SlurmBestPractices

From neicext
Jump to navigation Jump to search


This page contains advice and best practices on how to run and configure Slurm as the LRMS for an NDGF T1 site, gathered from Slurm experts at the Nordic Tier 1 sites.


SLURM configuration tips and tricks

Slides from HEPIX: here


Memory

Slurm operates with a set of different memory measurements:

  • VSS: Virtual Set Size. The size of the total accessible address space for the process.
  • RSS: Resident Set Size. Total size of data held in RAM. It does not include pages that are swapped out, but does include shared memory.
  • PSS: Proportional Set Size. Similar to RSS, but size of shared memory is split between the sharing processes
  • USS: User Set Size. Like RSS, but only takes the process private data into consideration.

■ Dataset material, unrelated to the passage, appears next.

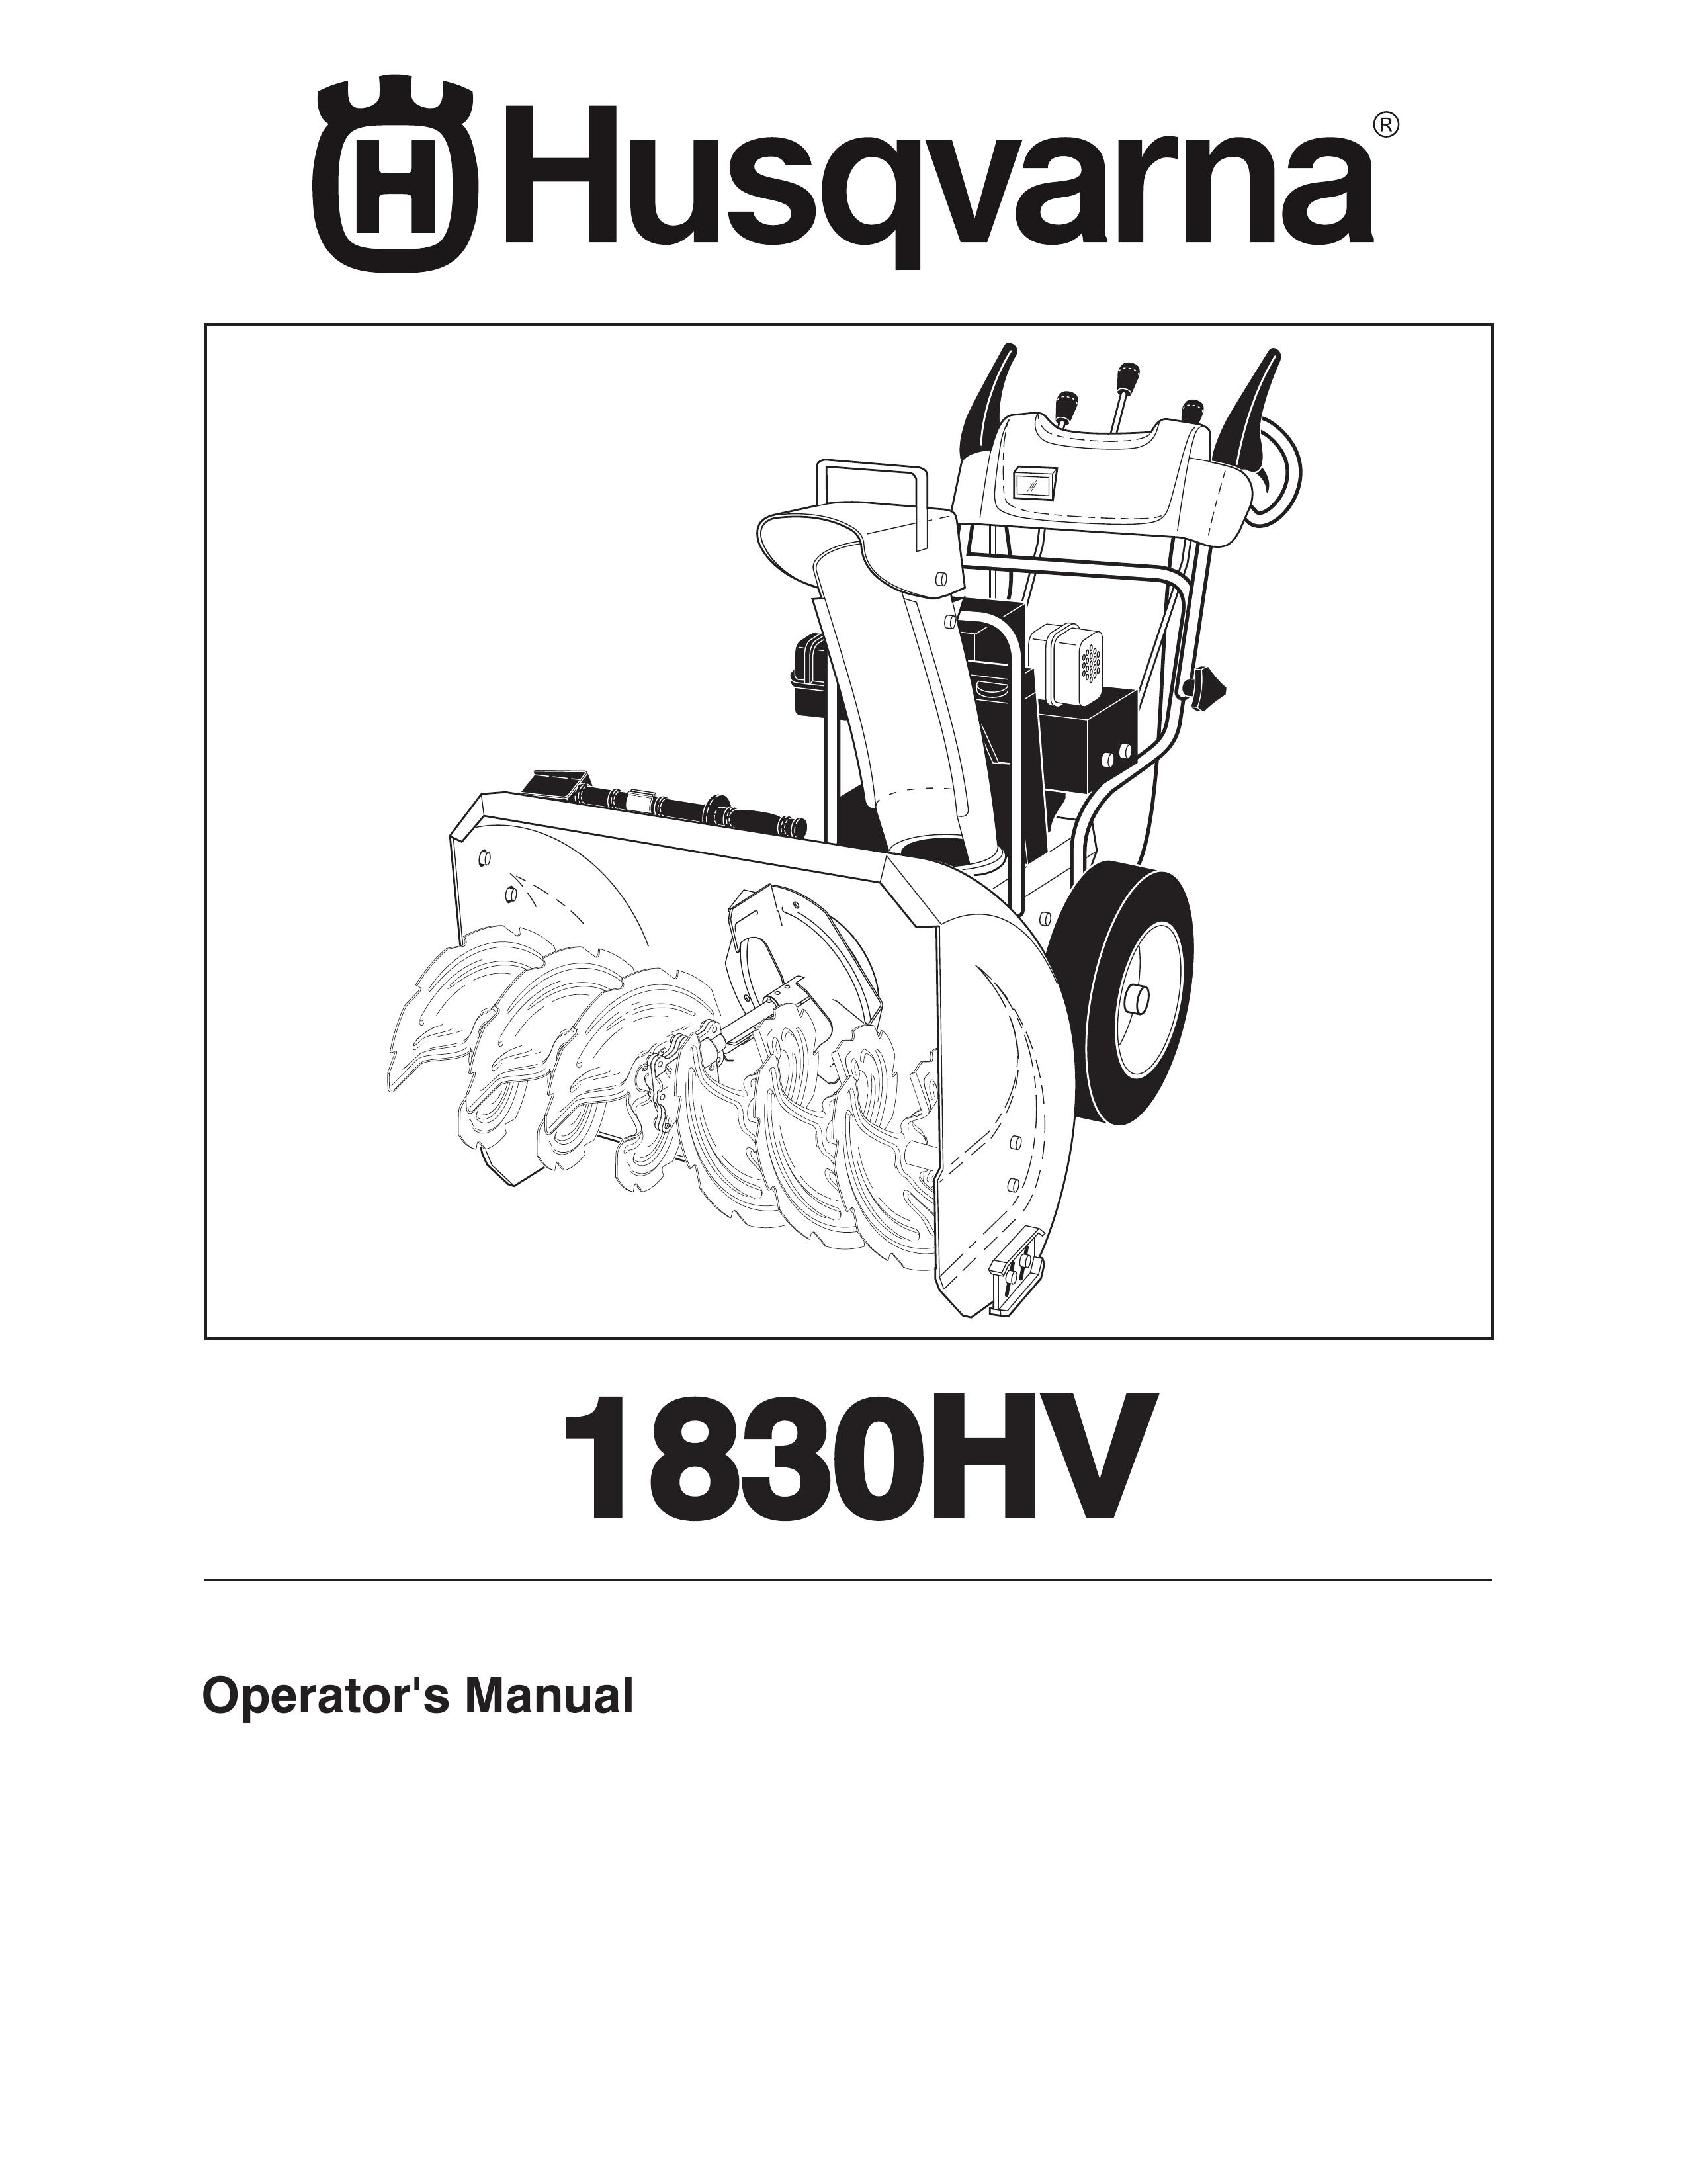 Husqvarna 1830HV Snow Blower User Manual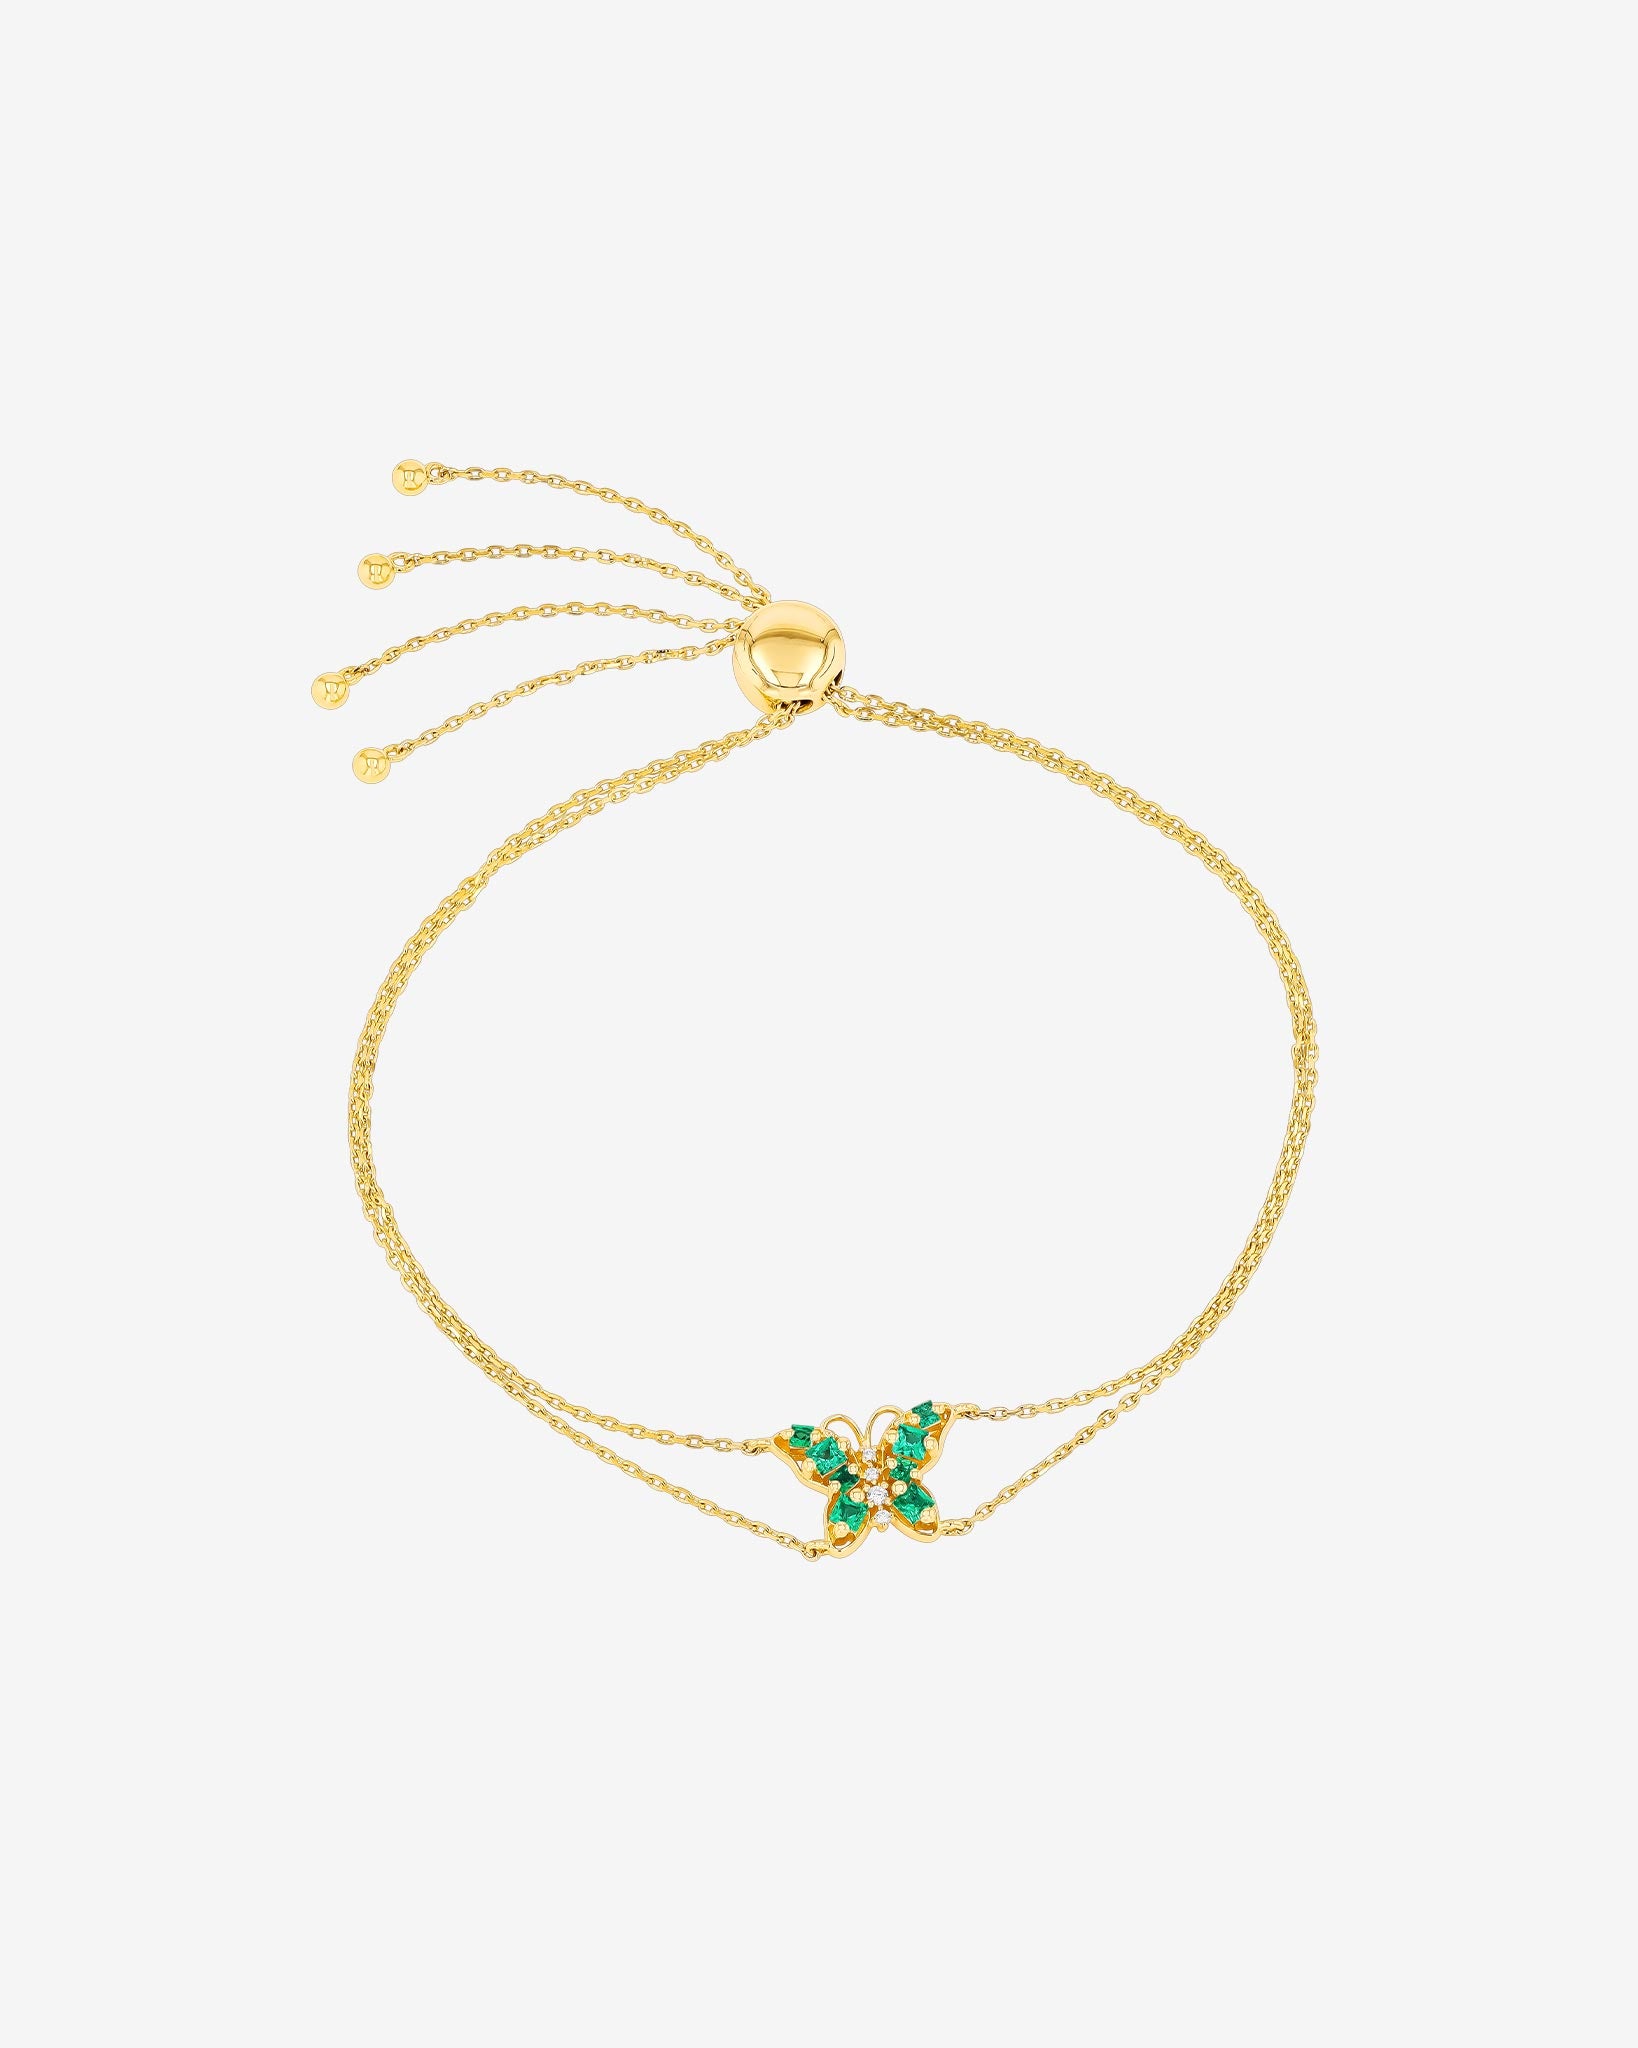 Suzanne Kalan Princess Emerald Mini Butterfly Pulley Bracelet in 18k yellow gold

Slurm uses RSS to gauge memory limits even when you use cgroups. This is a problem for Atlas multicore jobs. They load a lot of data that is shared between the processes and get killed, even though they are actually not using more memory than the limit. Slurm should include the option to use PSS instead from version 15.08.

Backfill

Slurm is a strict scheduler. The backfill scheduler is cancelled on almost any state change (new job submitted, node change, etc.). This can be problematic on large cluster with events practically continuous. An option is to only cancel the backfill scheduler on a few or one state change e.g. job ending.